I came across this Washington Times article yesterday and was highly skeptical.
CEDARBURG, Wisc. -- Hundreds of angry people in this small town outside Milwaukee taunted reporters and TV crews traveling with Sen. John McCain on Friday, chanting "Be fair!" and pointing fingers at a pack of journalists as they booed loudly.
This just didn't ring true. I was in a crowd of people on the sidewalk as the motorcade went by, and last of all came the press bus. Far as I could tell, there was no reaction in the people around me: no booing, no shouting, nothing. As I said in a previous post, the crowd was happy and pumped up but peaceful.
Still, I thought, maybe things were different on the other side of the rally. And who wouldn't understand the anti-press sentiment, given how completely they're in the tank for Obama and how badly they've treated Sarah Palin? Could happen, right?
However, I'm now convinced that once again the press is trying to make Republicans look bad: boorish at best, dangerous mobs at worst. As evidence, here's a comment I ran across on Just One Minute:
---I happened to be in this crowd and heard the interview. The reporter exagerates [sic] a little. The number of chanters in the crowd was in the tens, not hundreds (I did give a couple of shouts). Our crowd was very large perhaps three-four hundred of a couple thousand that couldn't get into the main venue of 8 thousand. [My comment: The main venue crowd was officially reported as 12,500, though they were expecting 8000.]
We weren't really booing either. It wasn't all anger either, it was mostly more of a taunt. They were mainly women in their fifties making schoolmarmish admonishm ents 'Be Fair (children)' to the press.
What the WaTimes reporter didn't catch was one of the reporters mocking us by prissily (hope that's a word) half bowing to us and mouthing 'I Promise'. The rest of our honored information bearers ignored us.

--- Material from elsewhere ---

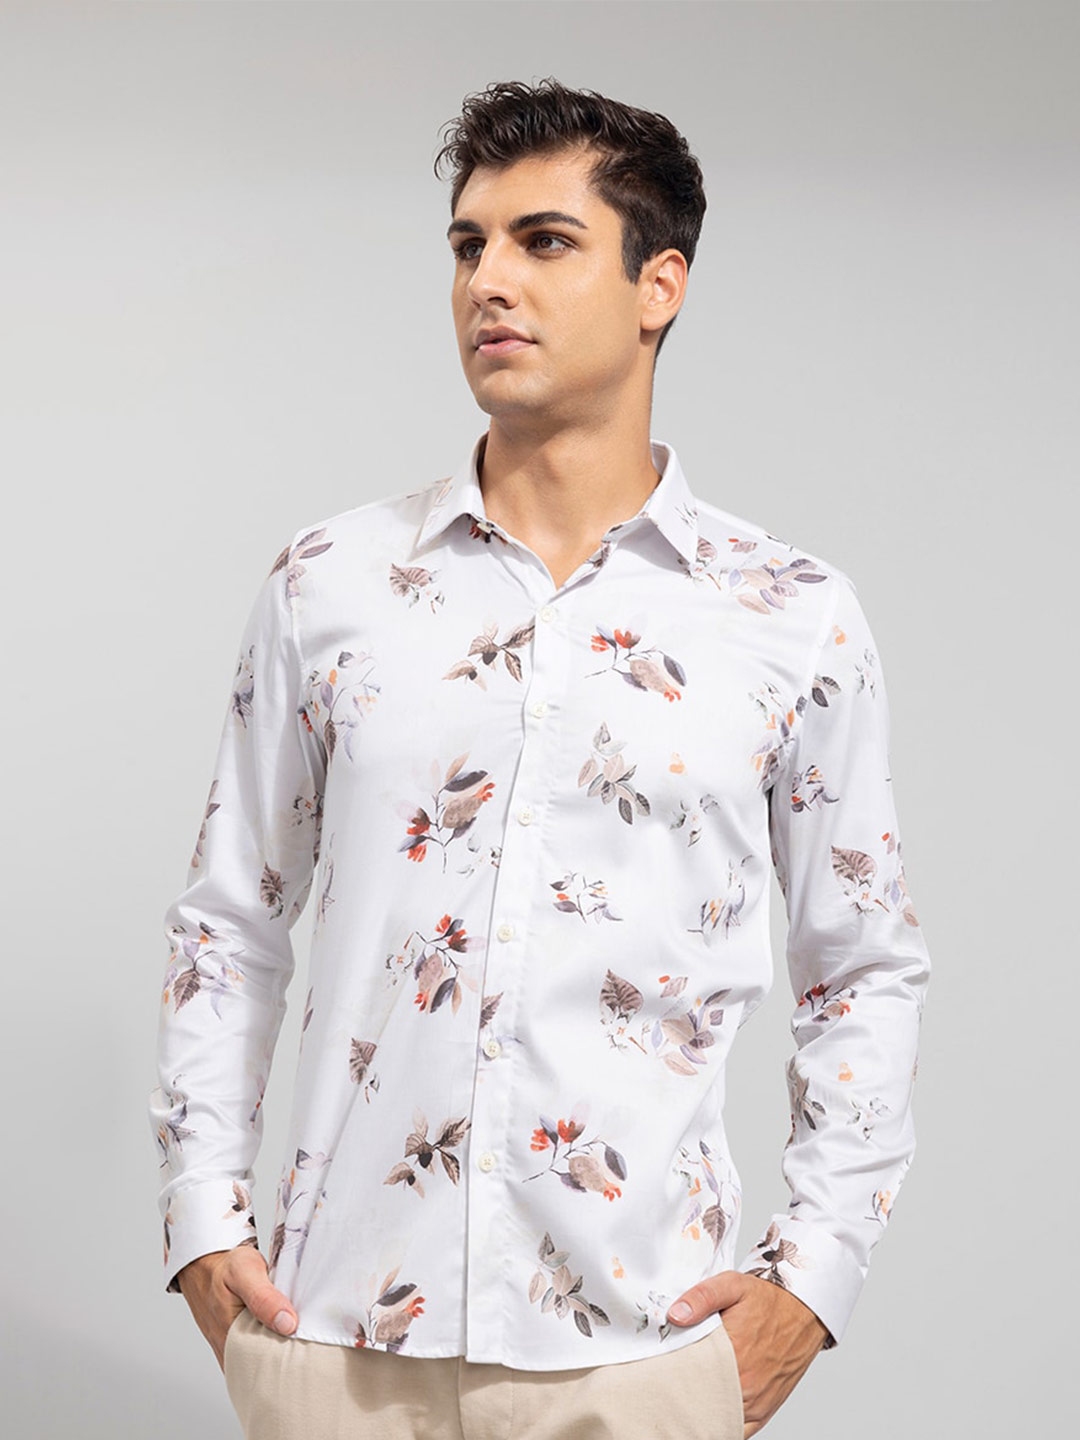 Buy Snitch Men White And Beige Floral Printed Cotton Slim Fit Casual Shirt Shirts For Men

I am sure that his is one of the DriveByMedia outlets that is not in financial free fall, so he can continue to condescend to us.

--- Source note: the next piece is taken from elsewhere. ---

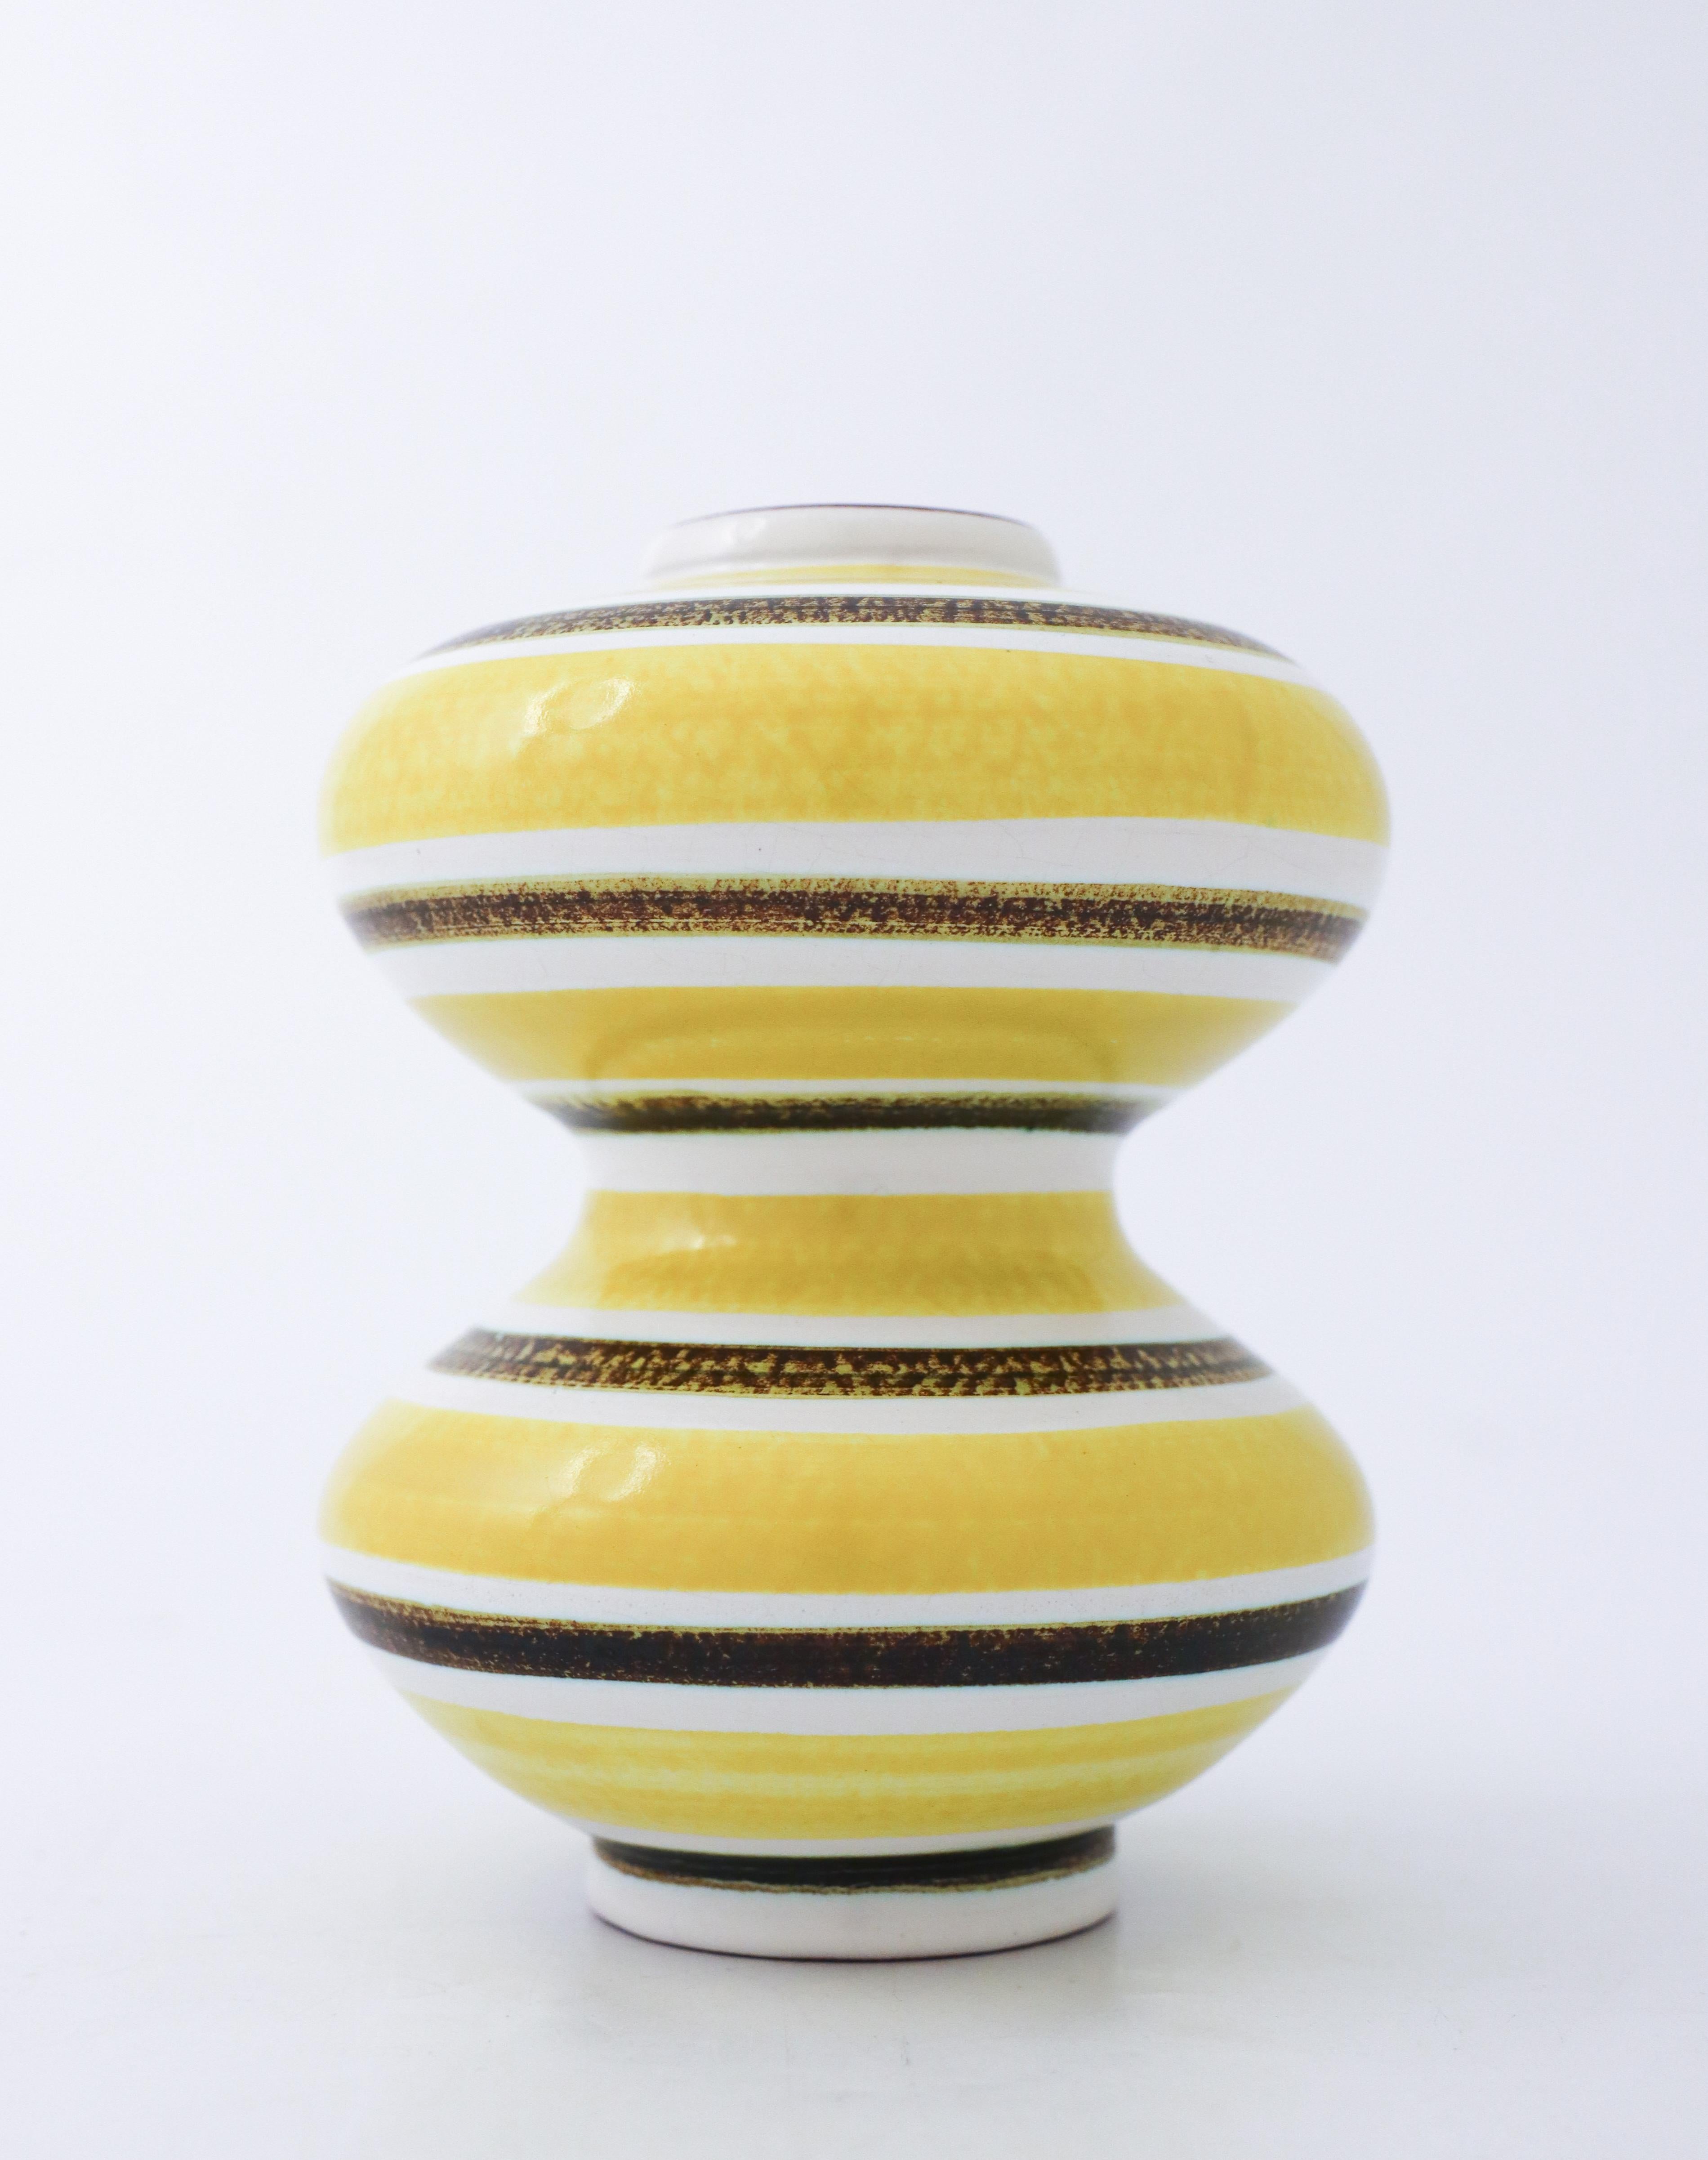 A vase in faience designed by Stig Lindberg at Gustavsbergs Studio in Stockholm, it is 13.5 cm (5.4

Read the full article by Joe Curl and check off the insults. He refers to the group as a "pack" (of wild dogs, maybe?) and uses the rather provincial term "townspeople" (though a minute's checking would have found people from cities such as Madison and New Berlin, as well as people who drove up from Illinois).
In describing a moment at the RNC he calls the delegates "red-meat Republicans" (fits with the wild dog imagery) and says, "the crowd turned ugly" (What did they do? Riot? Rush the stage, as some Code Pink protesters tried to do? No, they chanted and pointed. Oh, horrors.)
Just more of the same from legacy media trying to hurt Republicans. I suppose we should be used to it by now.